Israeli leaders seek political and military gains in invasion
Metulla, Israel
The shot on a London street that wounded Israel's ambassador June 3 was only the tripwire that unleashed the Israeli invasion of Lebanon.
The real cause of Israel's invasion was not simple revenge; it was security and political calculations that will be put to the test only after Israel secures its military objectives.
Most Israelis, including Gen. Rafael Eitan, the chief of staff, see the purpose of the operation as removing the threat of Palestinian shelling from northern Israeli settlements whose residents have long learned to sleep with an ear cocked for the whine of incoming rockets.
There are some, however - including Defense Minister Ariel Sharon - who see the invasion also as a means of removing the Palestine Liberation Organization as a serious political factor .
Israel had been unhappy about the United States initiated cease-fire achieved last July along the Israeli-Lebanese border. The accord put an end to heavy artillery skirmishing with the PLO.
Politically, the cease-fire was an indirect recognition by Israel of the PLO, which the Israelis maintain is a terrorist organization. Militarily, the cease-fire did not inhibit the Palestinians from building up their artillery and Katyusha rocket strength across the border and continuing to hold Israeli settlements hostage to sudden and massive shelling.
Prime Minister Menachem Begin and Mr. Sharon found it grating that the PLO should be inviolate adjacent to Israel's border while feeling itself free to operate against Israeli targets in Israel and abroad.
Although the PLO did not fire across the Lebanese border, it became apparent in recent weeks that it would not take much provocation for Israel to move against the PLO in southern Lebanon. The attack on Ambassador Shlomo Argov following a series of other terrorist attacks was the signal.
The 25-mile pushback of the Palestinians cannot be implemented in the northeast sector of southern Lebanon without Israeli forces coming into direct confrontation with the Syrian Army stationed in the Bekaa Valley.
Israel has said it will not pursue the Palestinians into the Syrian-controlled zone, but Israeli officials have also said they would not abide shelling of northern settlements from that area.
It should become apparent within the next few days whether the Syrians are willing to restrain the Palestinians within their zone. If they are not, or if they seek out a direct confrontation with Israel, then the fighting of the past week will probably pale before the conflict that will erupt between the Israelis and the Syrians.
The two sides have already clashed in tank and artillery skirmishes and eight Syrian planes have been shot down.

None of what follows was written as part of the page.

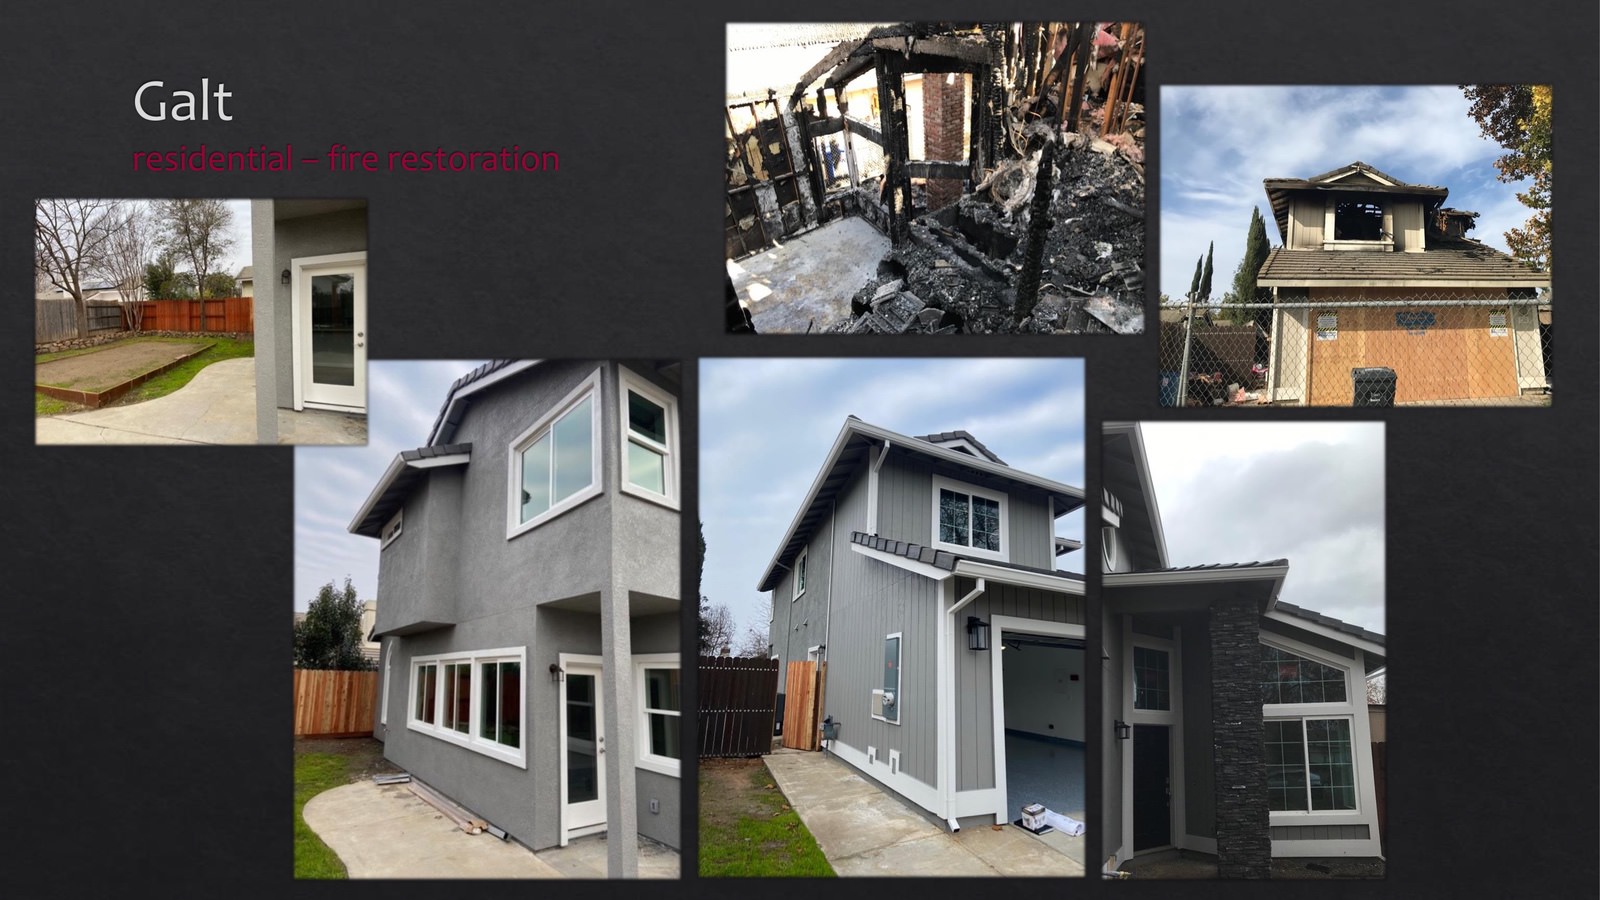 Galt Residential fire restoration - front + side of house
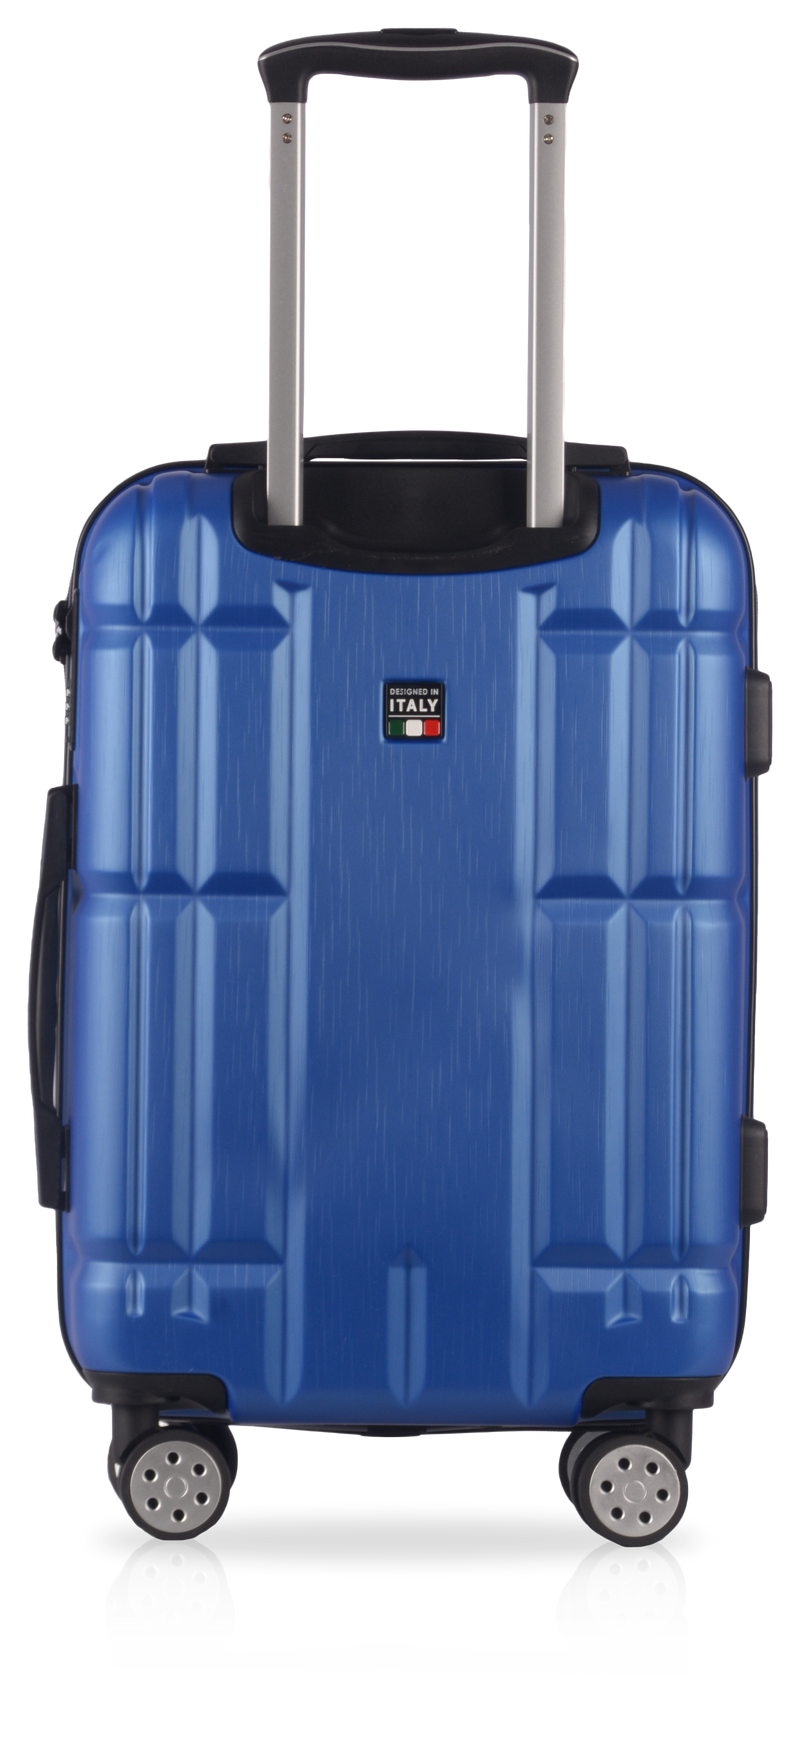 TUCCI Italy MASSA 30" Durable Lightweight Suitcase

If the PLO is eliminated as an armed force in southern Lebanon, the question is whether this will eliminate what Israel regards as the PLO's capacity for mischief. Prime Minister Begin said June 8 in the Knesset (parliament) that it was possible to stamp out terrorist groups, citing the elimination of the anarchists at the turn of the century. But most Israelis are resigned to renewed PLO activism, whether in Israel or against Israeli targets abroad.
The elimination of a direct threat from PLO artillery, however, is widely applauded, even by many Israelis who previously had been opposed to a military incursion into southern Lebanon.
The effects of this week's battle on the PLO's political status remain to be seen.
Mr. Sharon has attempted to crush PLO influence on the West Bank by developing an alternative Palestinian leadership willing to become involved in autonomy negotiations under the Camp David agreement. The PLO has rejected this concept of autonomy as a guise for the continuation of Israeli rule in the occupied territories.
Mr. Sharon evidently believed the blow being dealt the PLO in Lebanon will significantly reduce its image as champion of the Palestinian cause.
''Sharon believes that the existence of the PLO infrastructure in Lebanon inhibits any negotiation with the Arabs,'' writes a columnist in the Israeli daily newspaper, Haaretz. ''He sees the PLO as a political danger, not a military danger.''
Most Israelis are willing to settle for the elimination of the military danger on the northern border.